*** INFORMATION SHOWN ***
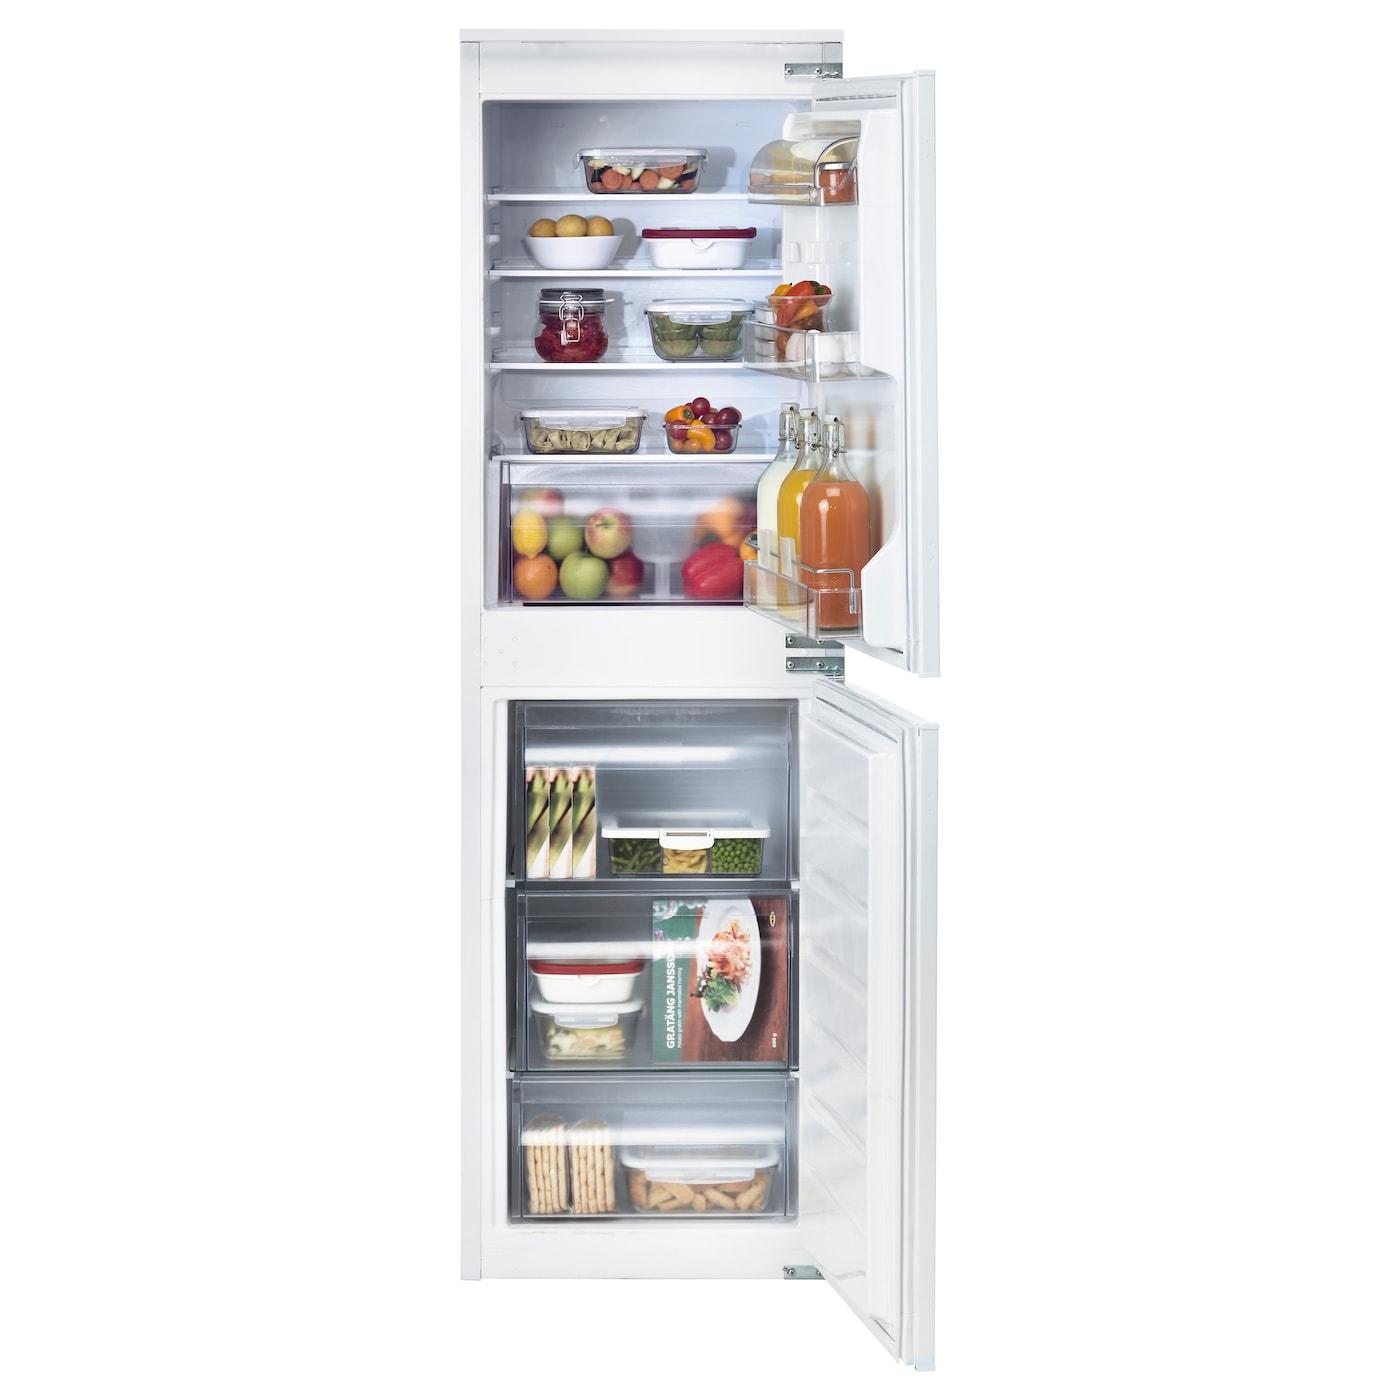 ISIGT Integrated fridge/freezer A+ White 152/109 l - IKEA
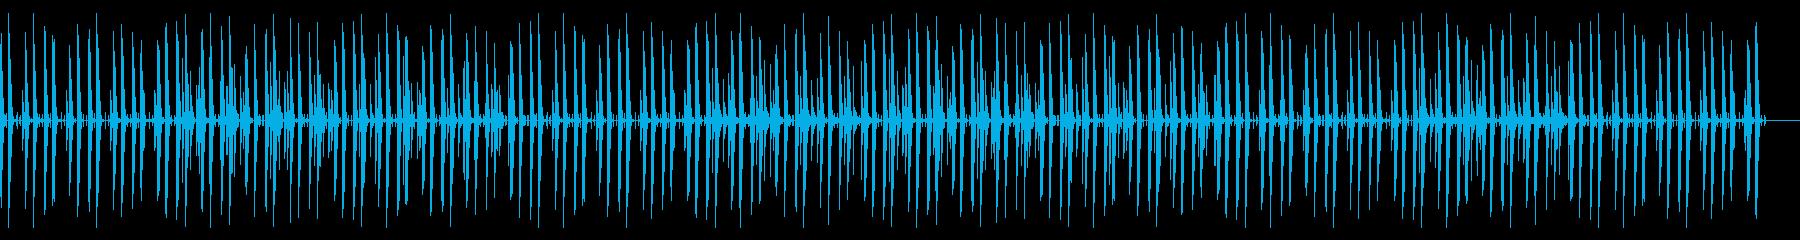 YouTubeなどのほのぼのBGMの再生済みの波形
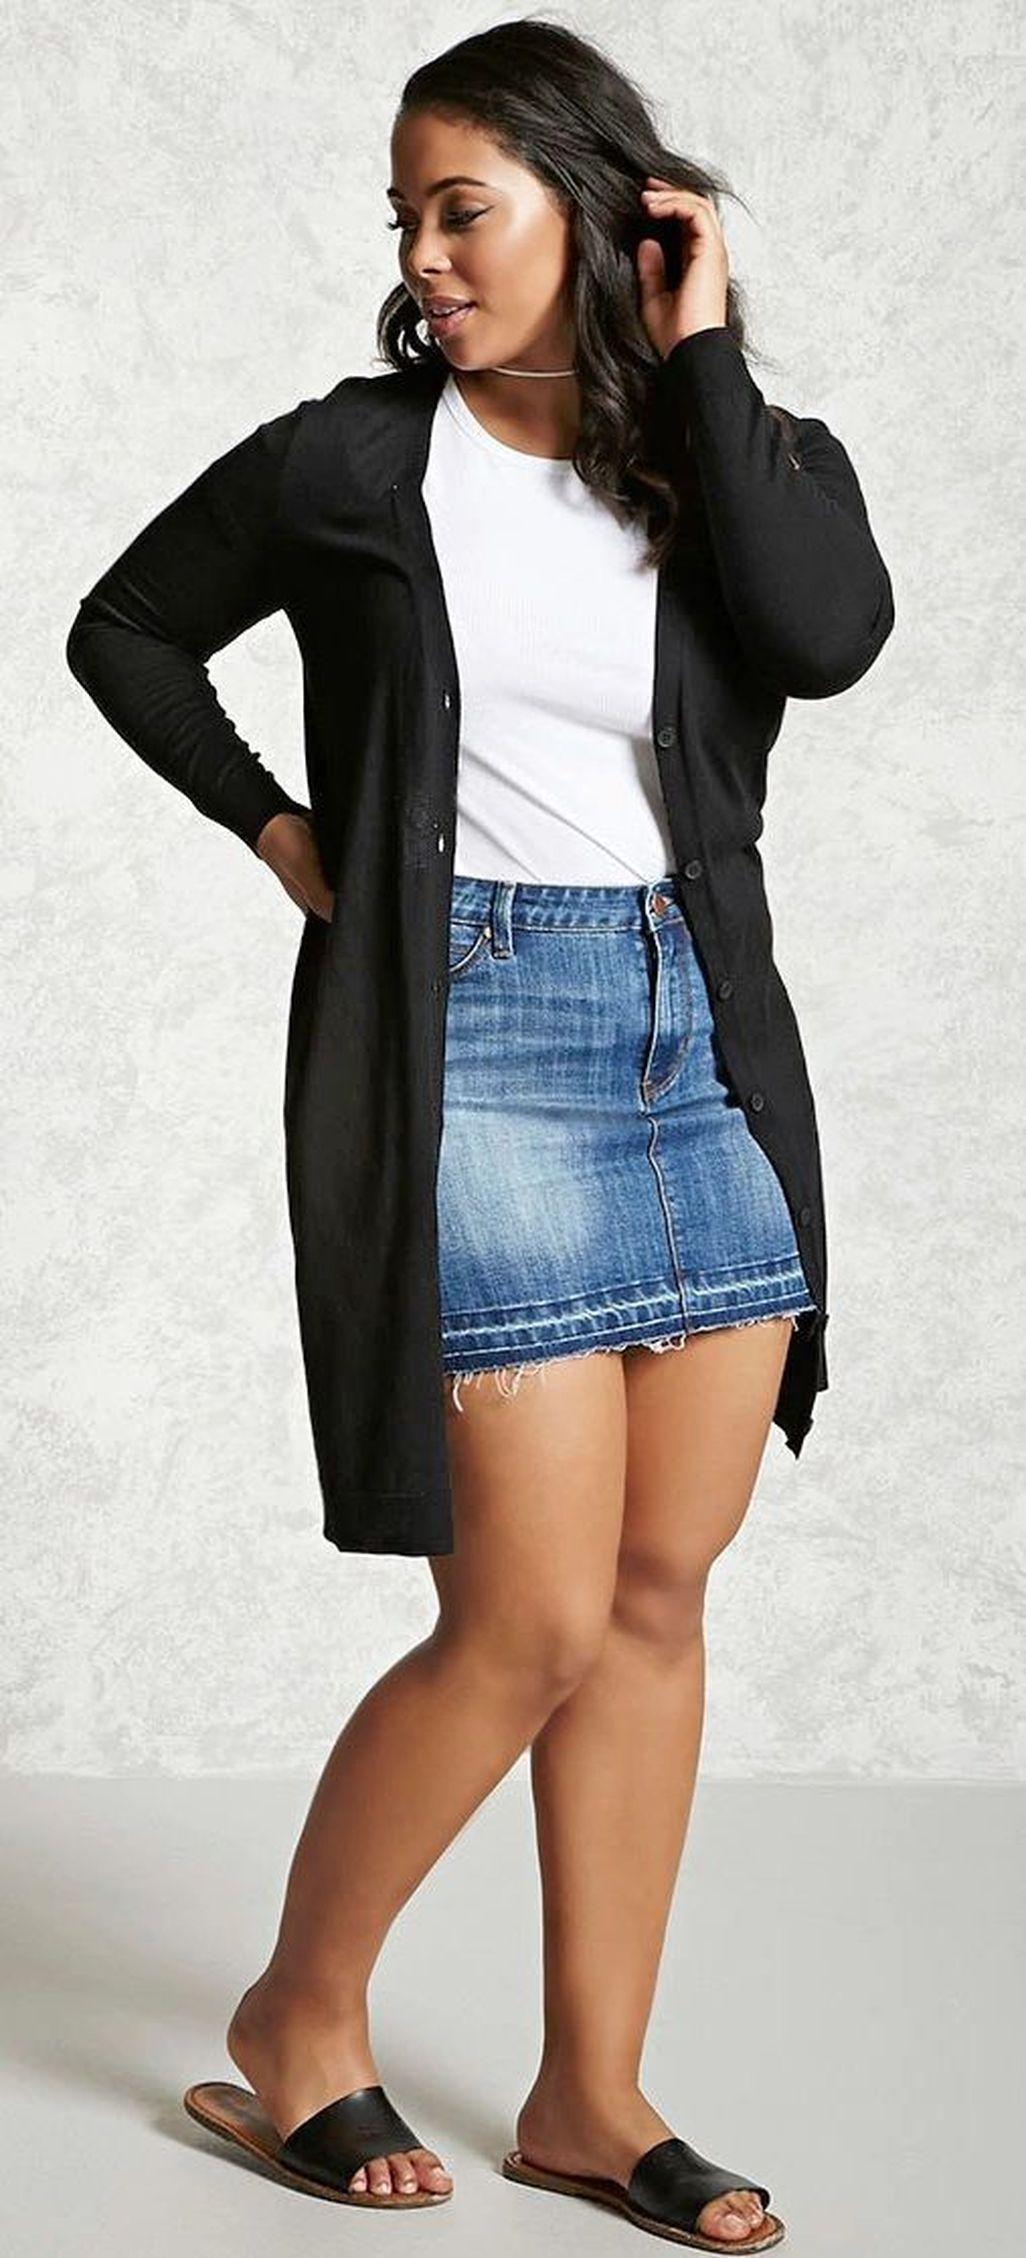 Curvy milf jean skirt | Hot pics)
*** End of INFORMATION SHOWN ***
*WHAT YOU WILL DO:*
Leaving all pictures aside, print exactly the lines from the one that contains "YouTubeなどのほのぼのBGMの再生済みの波形" through the last line of the data above, inclusive.

*ANSWER TO THE PROBLEM:*
 YouTubeなどのほのぼのBGMの再生済みの波形
 Curvy milf jean skirt | Hot pics)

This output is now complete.